To further explore the mechanism by which CacyBP/SIP promoted Saos-2 cell growth, the effects of silencing CacyBP/SIP expression on the cell cycle were investigated by flow cytometry. A total of 67.54±0.76% of shCacyBP/SIP cells were in the G₁ phase, compared with 61.32±0.69% of Ctrl cells (Fig. 3C and D; P<0.01). In addition, S phase distribution of Ctrl cells and shCacyBP/SIP cells were 17.18±0.16 and 10.82±1.01%, respectively (Fig. 3C and D; P<0.01). The results indicated that downregulation of CacyBP/SIP induced G₁/S phase cell cycle arrest.
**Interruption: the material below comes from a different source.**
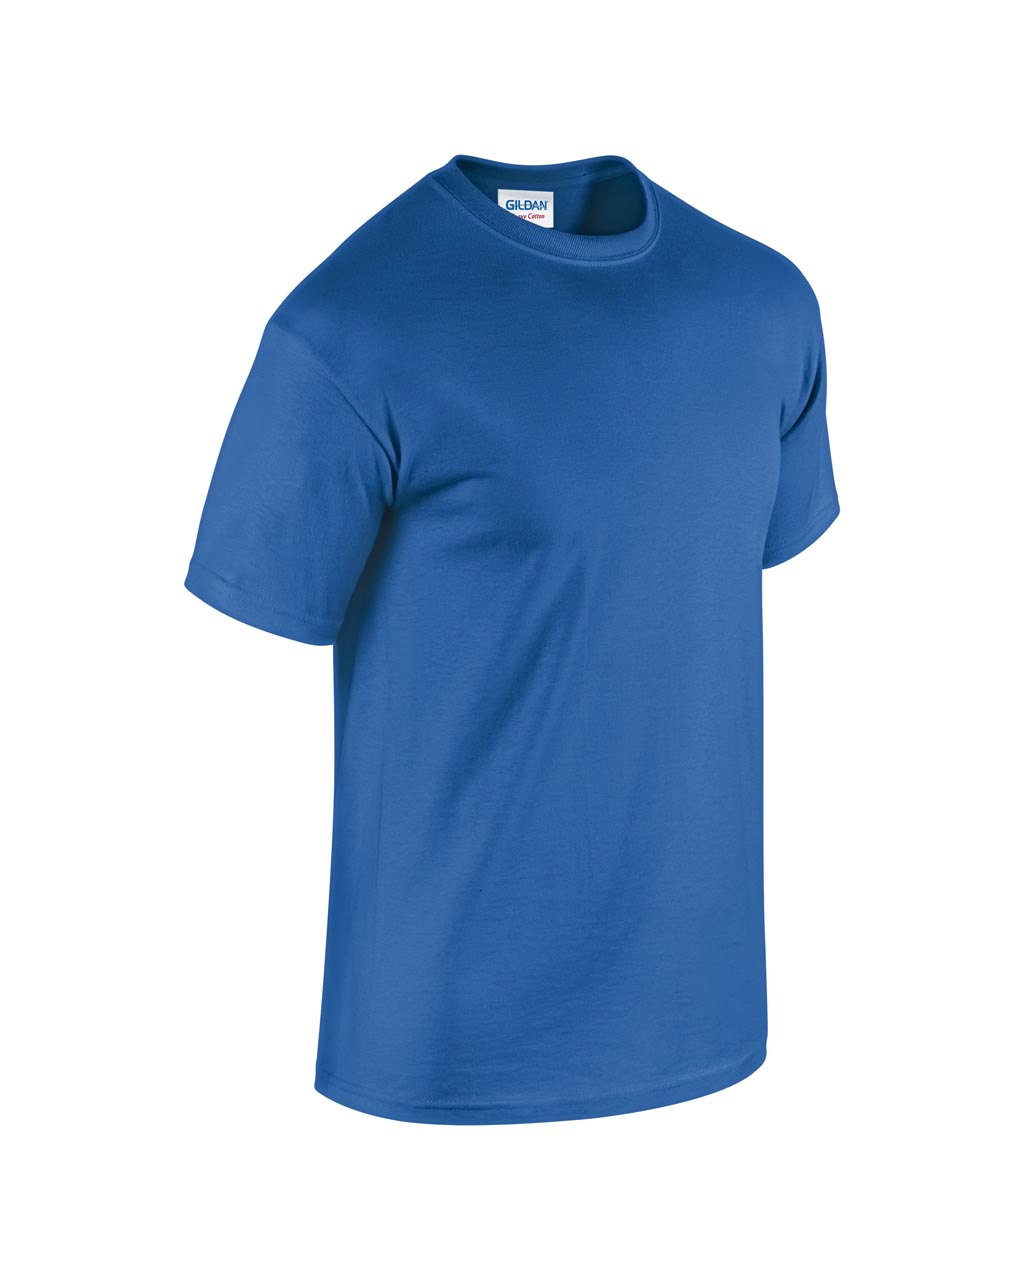 Gildan 5000 Royal Blue póló (100% pamut, kék)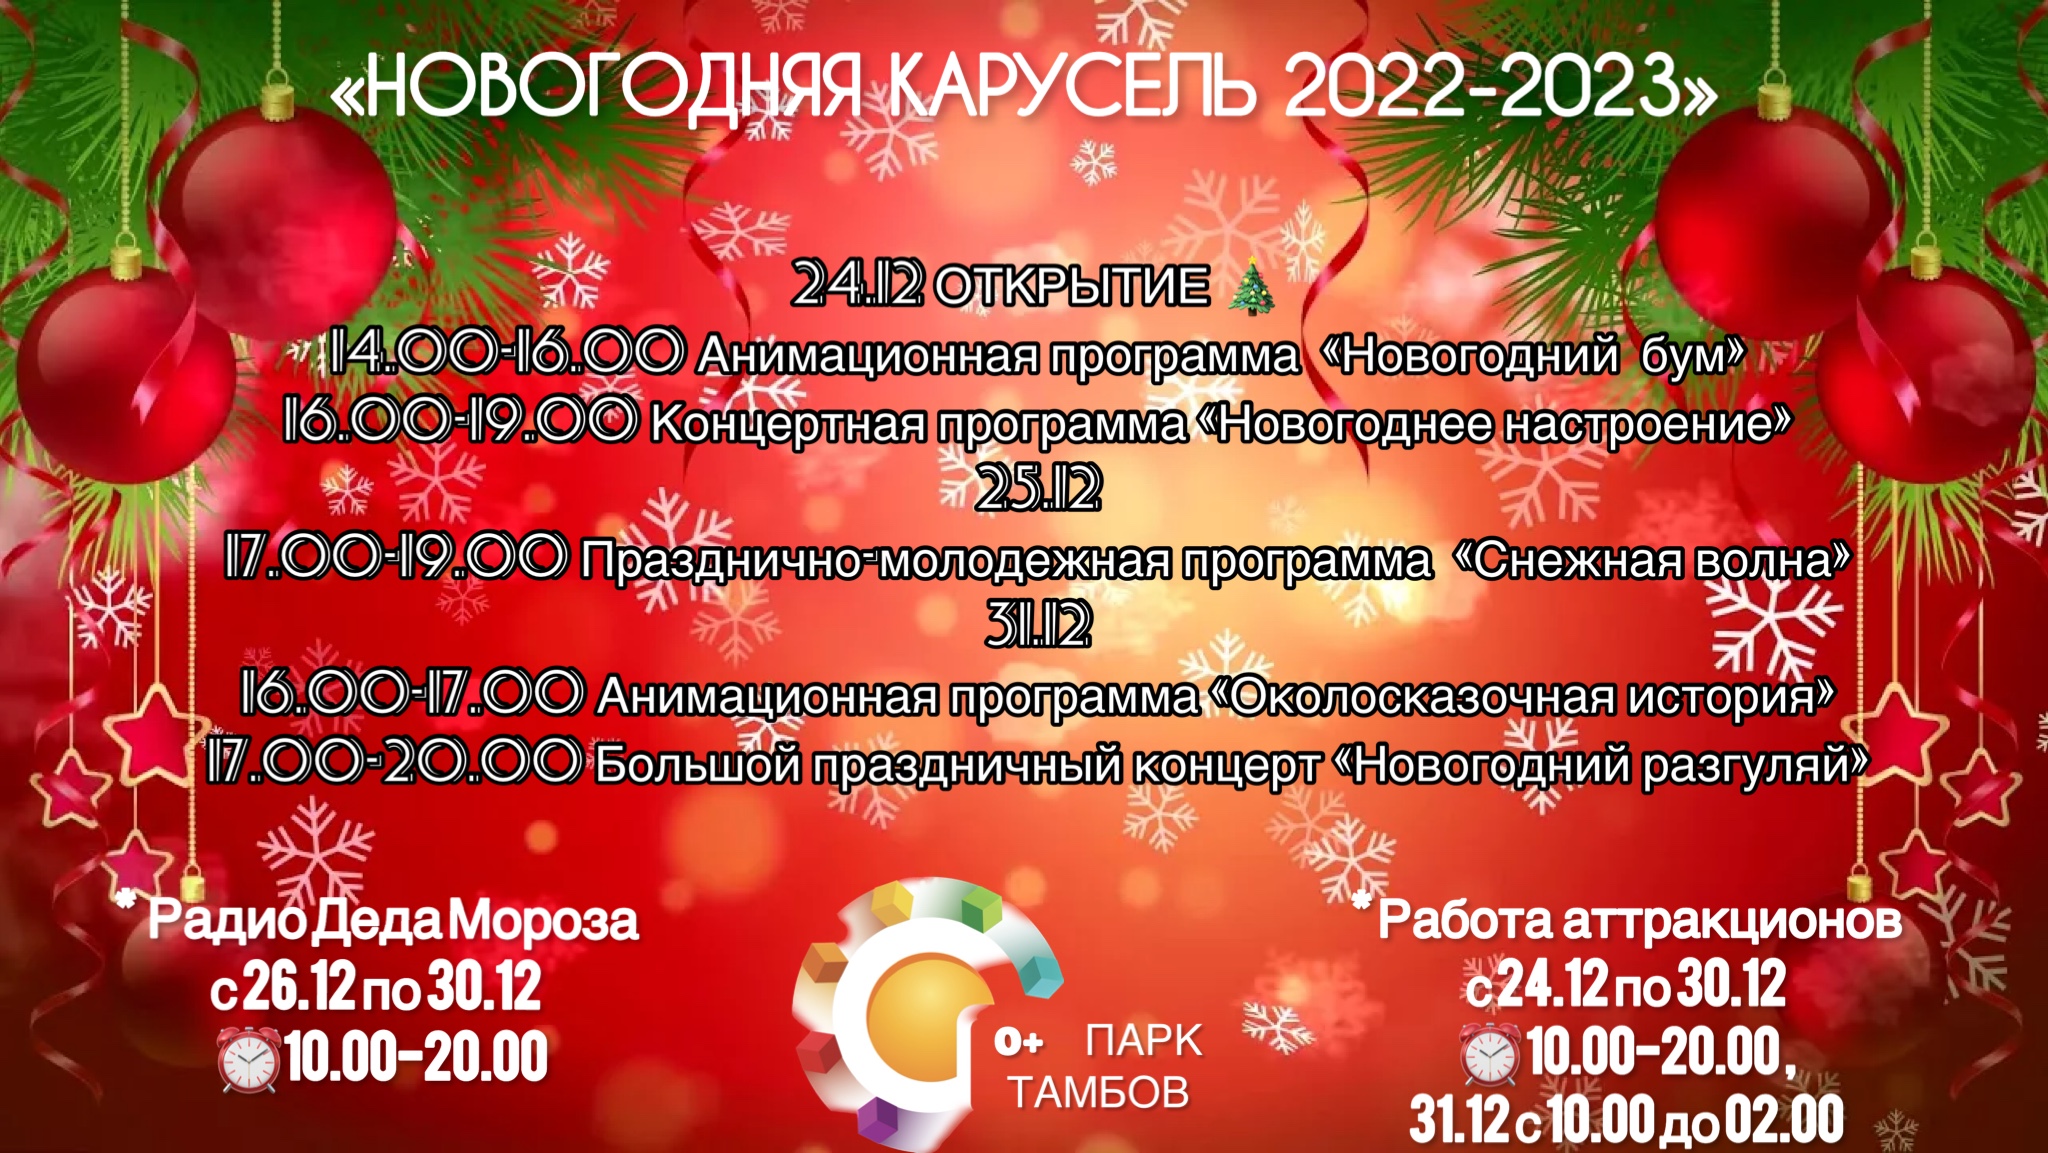 ПОДРОБНЕЕ О НОВОГОДНЕЙ ПОЛЯНЕ 2022-2023

Next, the levels of key proteins involved in the intracellular mechanisms of the cell cycle and apoptosis were evaluated. The data demonstrated that knockdown of CacyBP/SIP protein was associated with an increase in p21 levels and a decrease in CDK2, CDK4, cyclin D and cyclin E levels (P<0.01; Fig. 4), indicating that CacyBP/SIP arrested the process of cell cycle G₁ to S phase transition. Knockdown of CacyBP/SIP resulted in an increase of Bax (P<0.01; Fig. 4), and decrease of Bcl-2 (P<0.05; Fig. 4), which are two key regulators in the apoptosis process. The results demonstrated that CDK/cyclin/P21 axis and Bcl-2/Bax axis were activated by CacyBP/SIP.

Patients with high CacyBP/SIP mRNA levels demonstrated worse prognosis compared with patients with low CacyBP/SIP mRNA levels, from both the disease free survival (Fig. 5A) and overall survival (Fig. 5B) data. The results demonstrated that CacyBP/SIP had a tumor-driving role in TCGA samples.